Estimates of local ToE were conducted at the 2.5° grid of interpolated GCM output as well as at larger, regional scales. Previous studies have shown that ToE is later at local scales than regional scales (Maraun, 2013), as internal variability is reduced through geographic aggregation. Local emergence of FWI may be ecologically important for fire regimes and trajectories of species distributions. However, regional emergence may be informative for broader adaptation efforts as widespread fuel aridity is associated with synchronous regional fire activity in flammability-limited fire regimes (Abatzoglou & Williams, 2016). Likewise, geographic synchrony in fire weather indices has direct implications for regional fire suppression efforts and broad-scale implications for smoke-related health impacts. We aggregate data to IPCC SREX regions as used in previous efforts (King et al., 2015) for assessing regional emergence of FWI. Aggregation was performed by calculating averages of daily FWI for all pixels within the bounds of each region and summarizing the four metrics as done at the pixel scale.

Given the potential challenges with reconciling varied climate sensitivity of individual models and uncertainty regarding emission pathways, we consider an alternative to the ToE concept by replacing time with global mean temperature following Hawkins and Sutton (2012). We refer to this as the Global Temperature of Emergence (GToE), which uses the same framework as ToE, but may be advantageous because it is agnostic with respect to model and emission pathway and is more directly aligned with climate policy targets. The GToE differs from ToE in that GToE is defined by the 30-year average global mean air temperature difference for the period when ToE is first identified relative to baseline conditions for 1861–1910 (i.e., quasi pre-industrial conditions). Identifying GToE for FWI metrics may provide insight into risk avoidance though mitigation efforts without explicitly comparing differences in climate forcing by inferring differences in model-derived transient climate response given the varied equilibrium climate sensitivity of the models used (between 2.1 and 4.7 K; Table S1). However, this approach is conservative given the noted differences between transient and equilibrium climate responses.

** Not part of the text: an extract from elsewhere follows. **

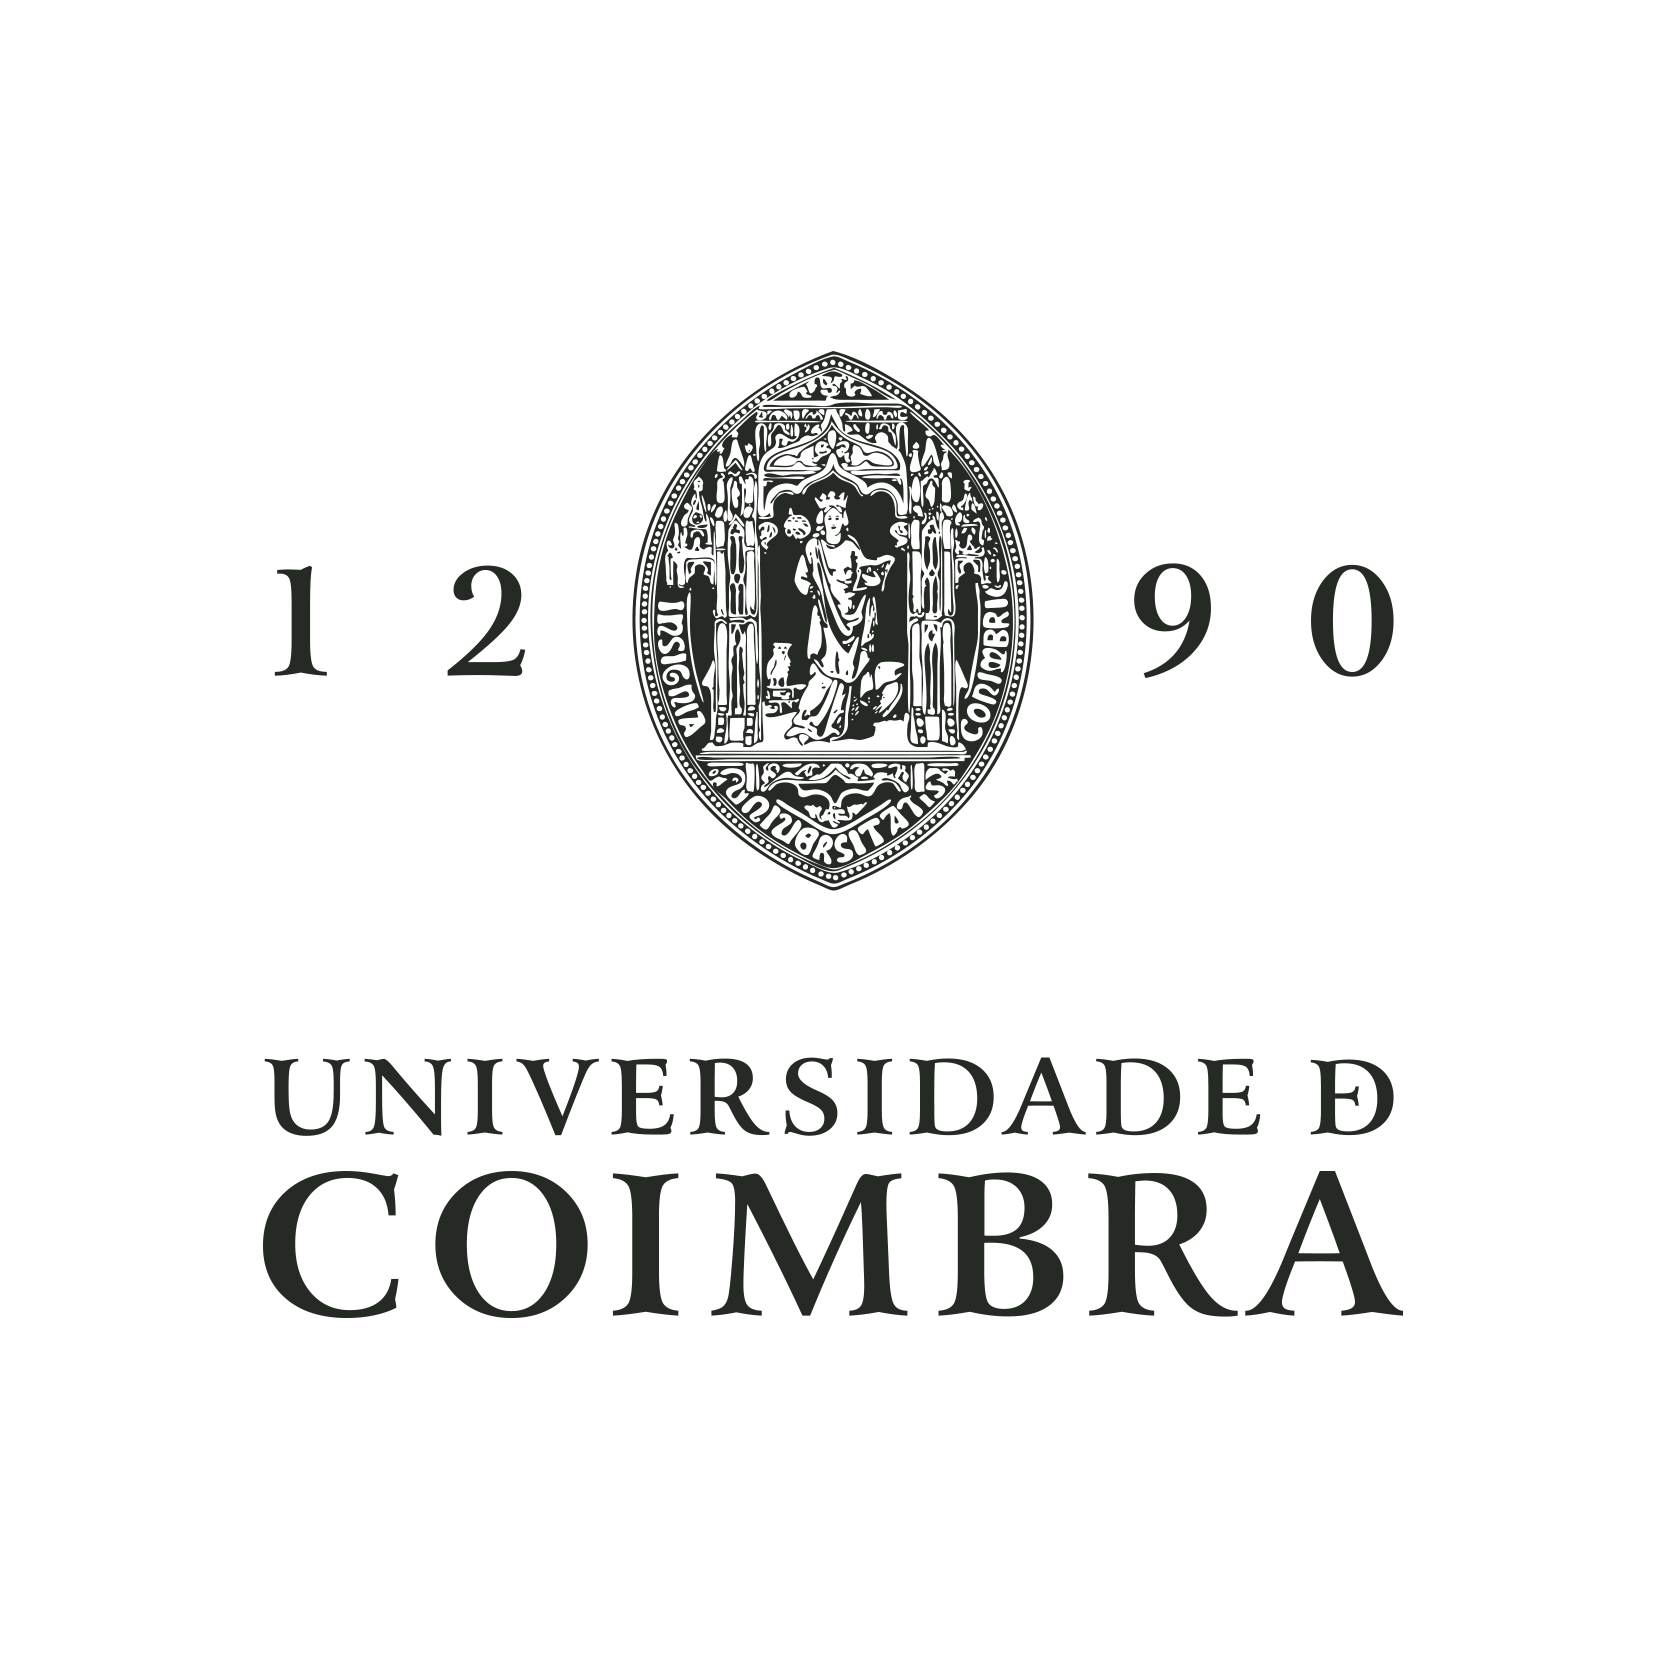 https://europeanplasticspact.org/wp-content/uploads/2020/03/University-of-Coimbra.png
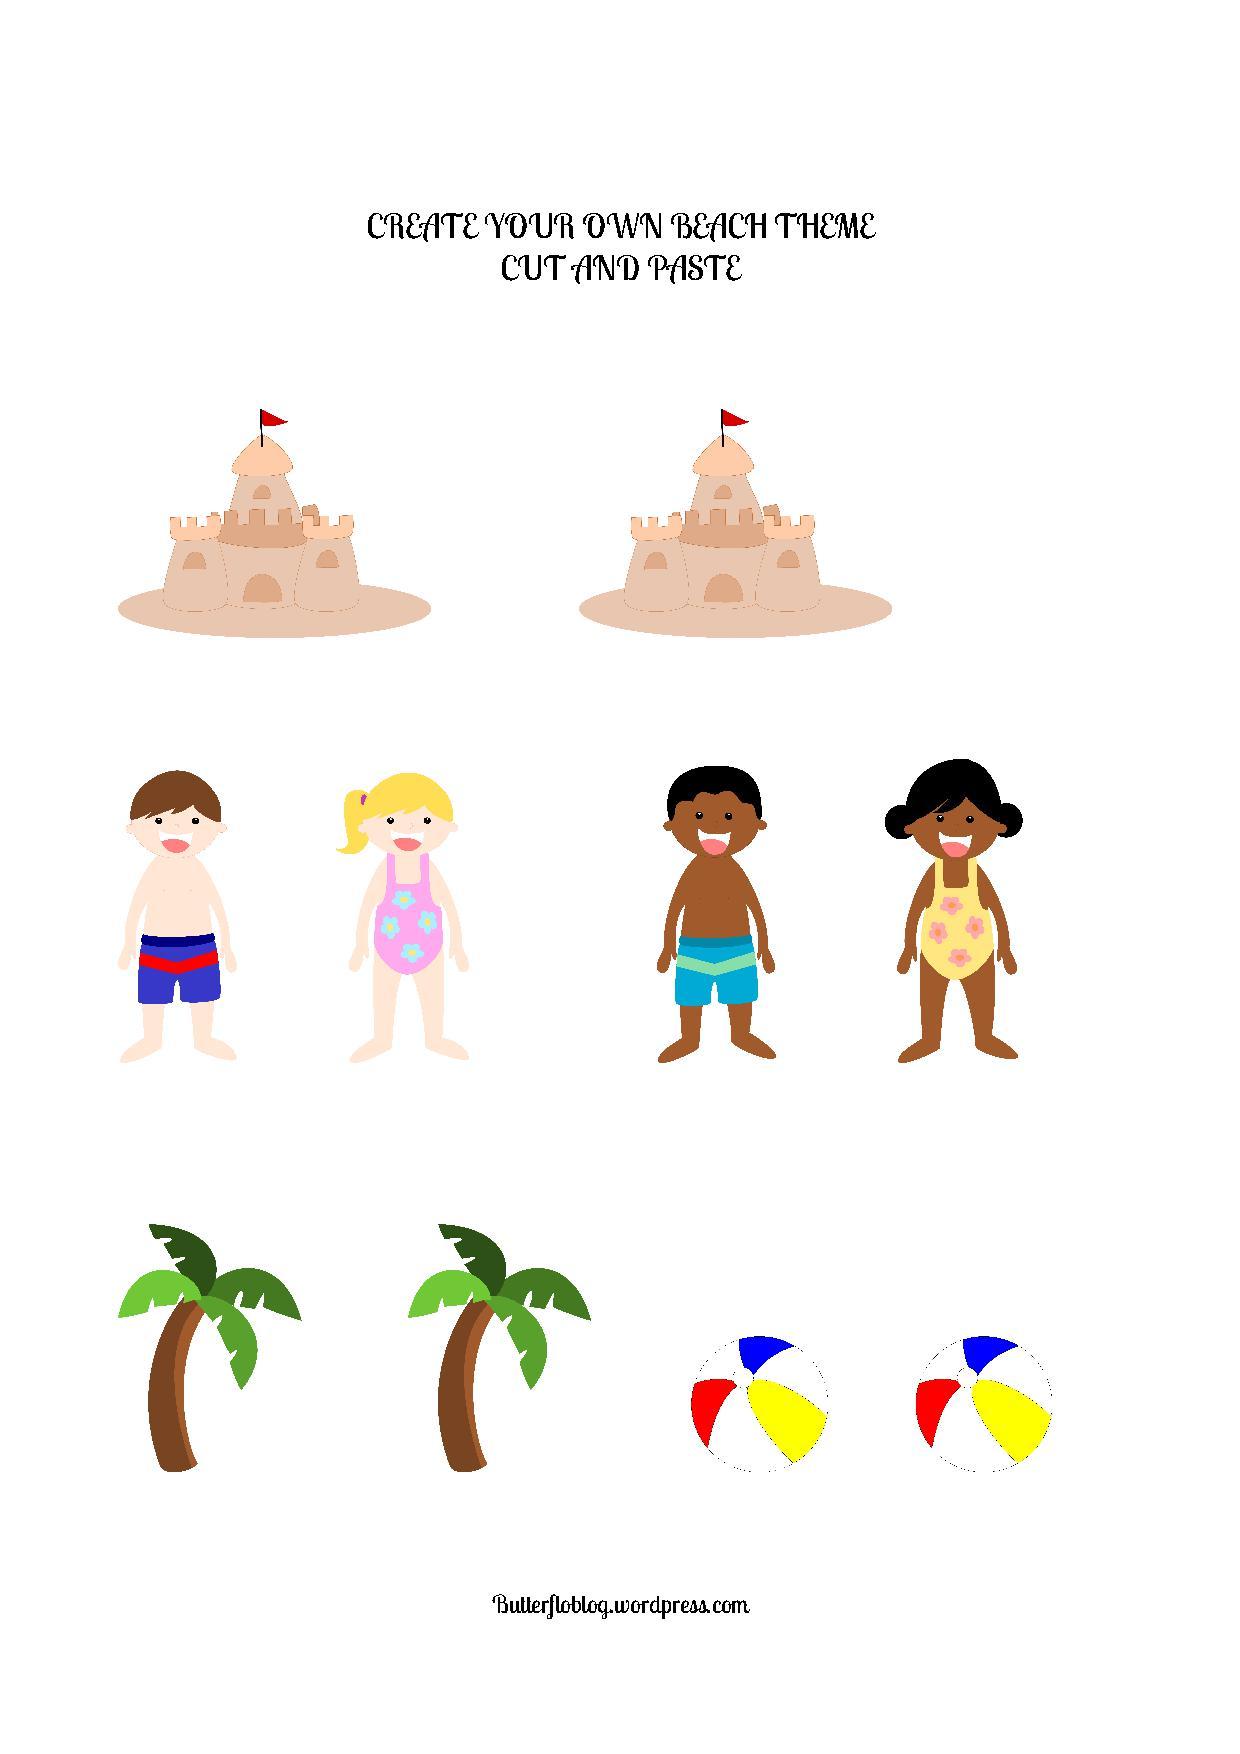 Create Your Own Beach Theme Activity Butterflo Kids

Emergence was tallied separately for each model. We focus on multimodel median ToE and GToE in the results section. Emergence is thus stated to not occur where fewer than 9 of the 17 models show emergence. When a majority of the GCMs show emergence, ToE is reported as the year when the ninth model emerges from internal variability. Results of regional emergence for individual models are provided in the supporting information to highlight model uncertainty in ToE.

3 Results

Local emergence of the four FWI metrics by 2050 was found for between 33 and 62% of global burnable land surfaces (Figure 1). Local ToE was earlier and more widespread for frequency-based FWI metrics (FWI95d and FWIfwsl) than for magnitude-based metrics (FWIfs and FWImax). Heightened internal variability for annual maxima of other variables results in generally lower signal-to-noise detection (Diffenbaugh et al., 2017; King et al., 2015), and ambiguity in modeled changes in wind extremes concurrent with low fuel moistures that often result in peak FWI likely limit emergence as defined in this study (e.g., Tan, Chen, & Gan, 2018). Substantial geographic variability in ToE was evident with local emergence across much of the Mediterranean, southern Africa, southern Chile and Argentina, and Amazonia for most FWI metrics by 2030, consistent with the development of geographic hot spots of increasing drought risk imparted by anthropogenic climate change (e.g., Greve & Seneviratne, 2015; Gudmundsson & Seneviratne, 2016). By contrast, emergence was not found by 2050 in a majority of GCMs for much of equatorial Africa, portions of Australia, and sections of boreal systems in eastern Russia and Canada. A comparative analysis using bias-corrected GCM outputs showed similar results (Figures S1 and S2). We additionally visualize the number of GCMs with emergence commencing by 2019 (Figure S3), for which a majority of models depict emergence of FWI95d to be under way for approximately 22% of global burnable land surfaces.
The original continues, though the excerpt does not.